Der Kläger hat auch keinen Anspruch auf eine Erstausstattung für Bekleidung nach § 24 Abs. 3 Nr. 2 SGB II. Der die Gewährung ablehnende Bescheid vom 01.04.2020 in der Gestalt des Widerspruchsbescheides vom 17.07.2020 ist rechtmäßig. Auch hier wird nur unter außergewöhnlichen Umständen eine Ersatzbeschaffung für Bekleidung anerkannt (vgl. Luik/Harich, a.a.O., § 24 SGB II Rdnr. 104, 91ff.). Sie kommt beispielsweise in Betracht, wenn durch eine krankheitsbedingte große Gewichtszunahme oder nach Haft oder Wohnungslosigkeit, also durch einen außergewöhnlichen Umstand, ein erneuter umfassender Bedarf begründet wird. Ein solcher Bedarf liegt hier aber nicht vor. Zwar lag beim Kläger bei der Untersuchung durch K1 ein Adipositas Grad 1 vor. Eine krankheitsbedingte Gewichtszunahme ist aber aus dem Gutachten vom 06.11.2019 gerade nicht ersichtlich. Nach dem Bericht der behandelnden E1 und O1vom 16.09.2019 liegt eine Adipositas durch übermäßige Kalorienzufuhr vor. Zudem hat der Kläger nicht nachgewiesen, dass der Bedarf in streitigen Bewilligungszeiträumen entstanden ist. Nach dem Gutachten des S4 vom 29.03.2019 hat der Kläger bereits am 29.03.2019 110 kg gewogen, so dass bereits im Bewilligungszeitraum August 2019 bis Juli 2020 kein Bedarf durch schnelle und große Gewichtszunahme festgestellt werden kann.

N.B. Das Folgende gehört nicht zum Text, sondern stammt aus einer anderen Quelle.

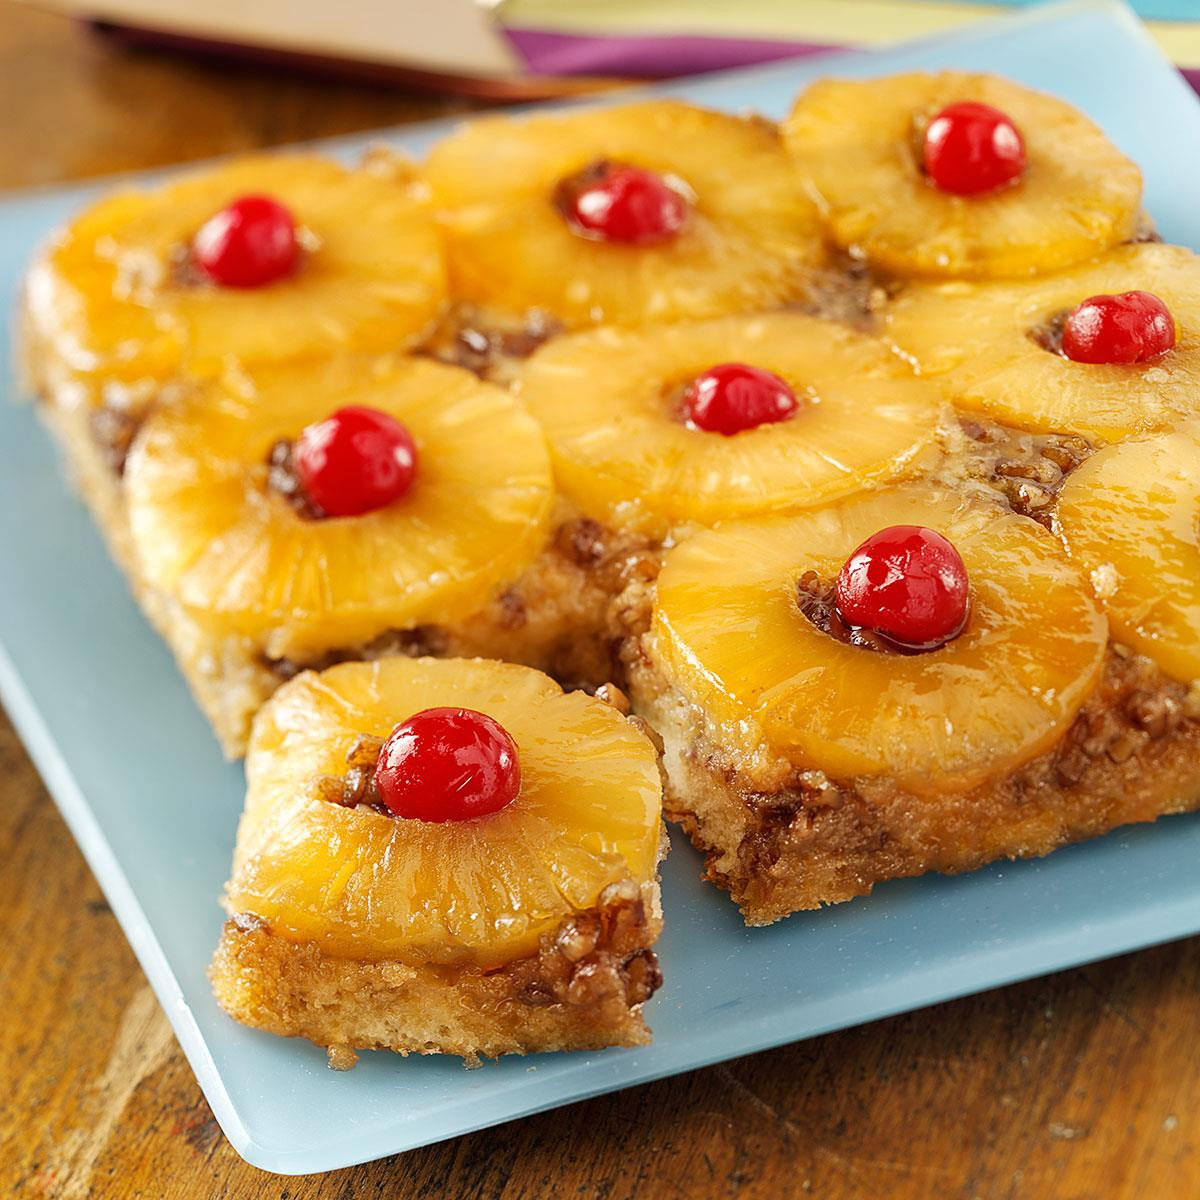 Pineapple Upside Down Cake Recipes  Classic Pineapple Upside Down Cake Recipe
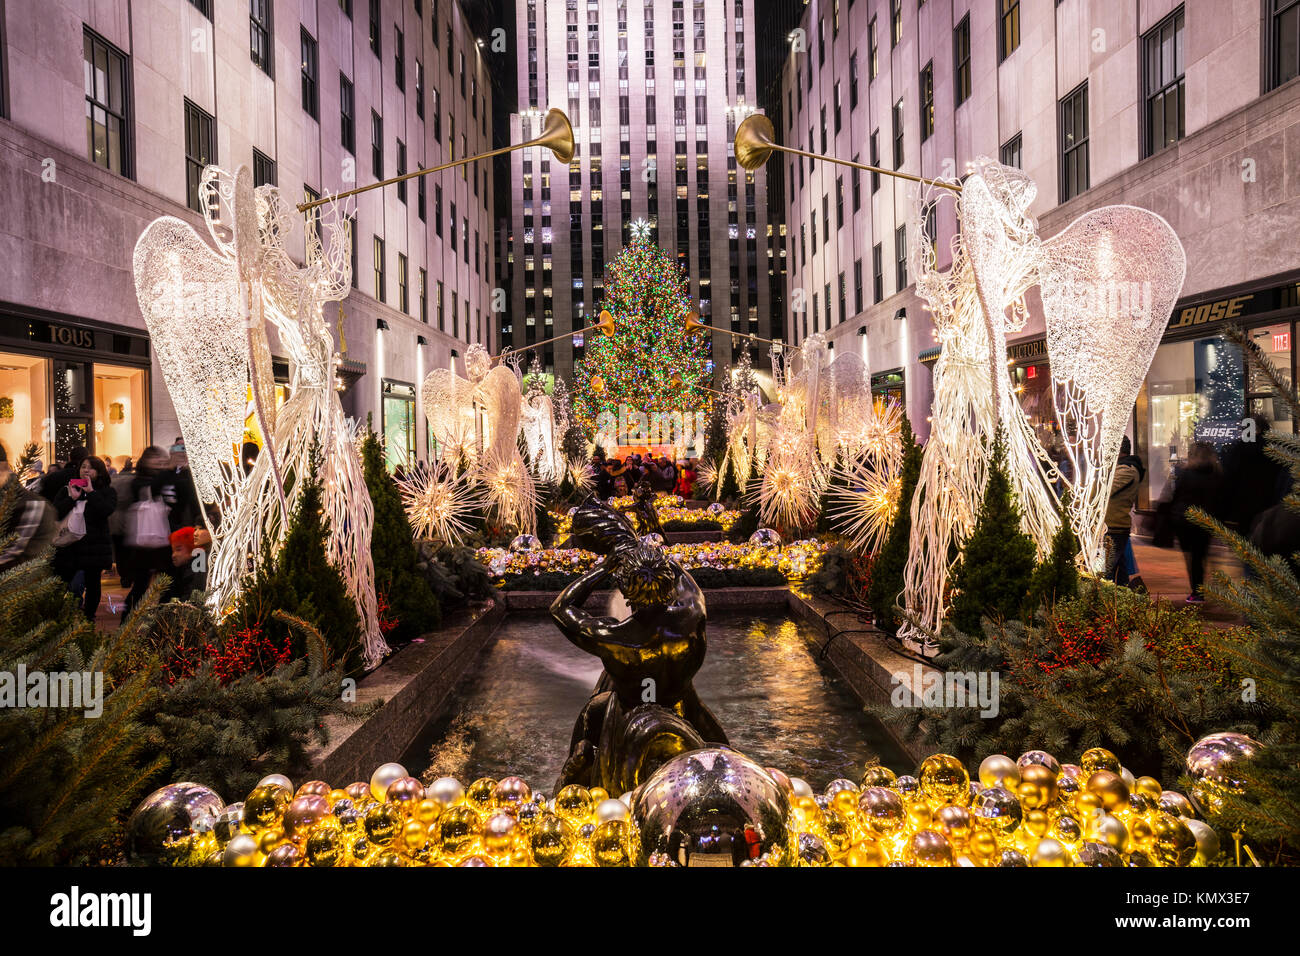 Downtown New York Christmas Decorations Stock Photos

Die Klage bezüglich des Bescheides vom 08.05.2019 ist unzulässig. Der Beklagte hat mit dem Schreiben vom 01.04.2020 den Kläger lediglich darauf hingewiesen, dass bereits mit Bescheiden vom 08.05.2019 sowohl die Porto- als auch die Fahrtkosten abgelehnt worden seien. Der Beklagte hat diese Bescheide lediglich als gekennzeichnete Kopie erneut übersandt. Damit liegt ein angreifbarer Verwaltungsakt (§ 31 SGB X) in diesem Schreiben vom 01.04.2020 nicht vor. Ob der Kläger rechtzeitig Widerspruch gegen den Bescheid vom 08.05.2019 erhoben hat, ist hier nicht zu entscheiden.

Die Kostenentscheidung beruht auf § 193 SGG. Im Rahmen des den Gerichten danach eingeräumten Ermessens sind alle Umstände des Einzelfalles zu berücksichtigen, insbesondere die Sach- und Rechtslage bzw. der Ausgang des Verfahrens (s. Meyer-Ladewig/Keller/Schmidt, a.a.O., § 193 SGG Rdnr. 12 ff.). Hiernach war für den Senat maßgeblich, dass der Kläger mit der Rechtsverfolgung ohne Erfolg geblieben ist und die Beklagte keinen Anlass zur Klageerhebung gegeben hat. Der Senat hält es im Falle einer Zurückweisung des Rechtsmittels nach dem Grundsatz der Einheitlichkeit der Kostenentscheidung für erforderlich, nicht nur über die Kosten des Rechtsmittelverfahrens zu entscheiden, sondern auch über die Kosten der vorausgehenden Instanz (so Lüdtke/Berchtold, Kommentar zum SGG, 5. Aufl., § 193 Rdnr. 8; ausführlich erkennender Senat, Urteil vom 19.11.2013, L 13 R 1662/12, juris; a. A. Meyer-Ladewig/Keller/Schmidt, a.a.O., § 193 Rdnr. 2a; Hintz/Lowe, Kommentar zum SGG, § 193 Rn. 11; Jansen, Kommentar zum SGG, 4. Aufl., § 193 Rdnr. 4).

Gründe für die Zulassung der Revision (§ 160 Abs. 2 SGG) liegen nicht vor. Es handelt sich um eine Einzelfallentscheidung auf gesicherte Rechtsgrundlage, ohne dass der Senat von einer Entscheidung der § 160 Abs. 2 Nr. 2 SGG genannten Gerichte abweicht.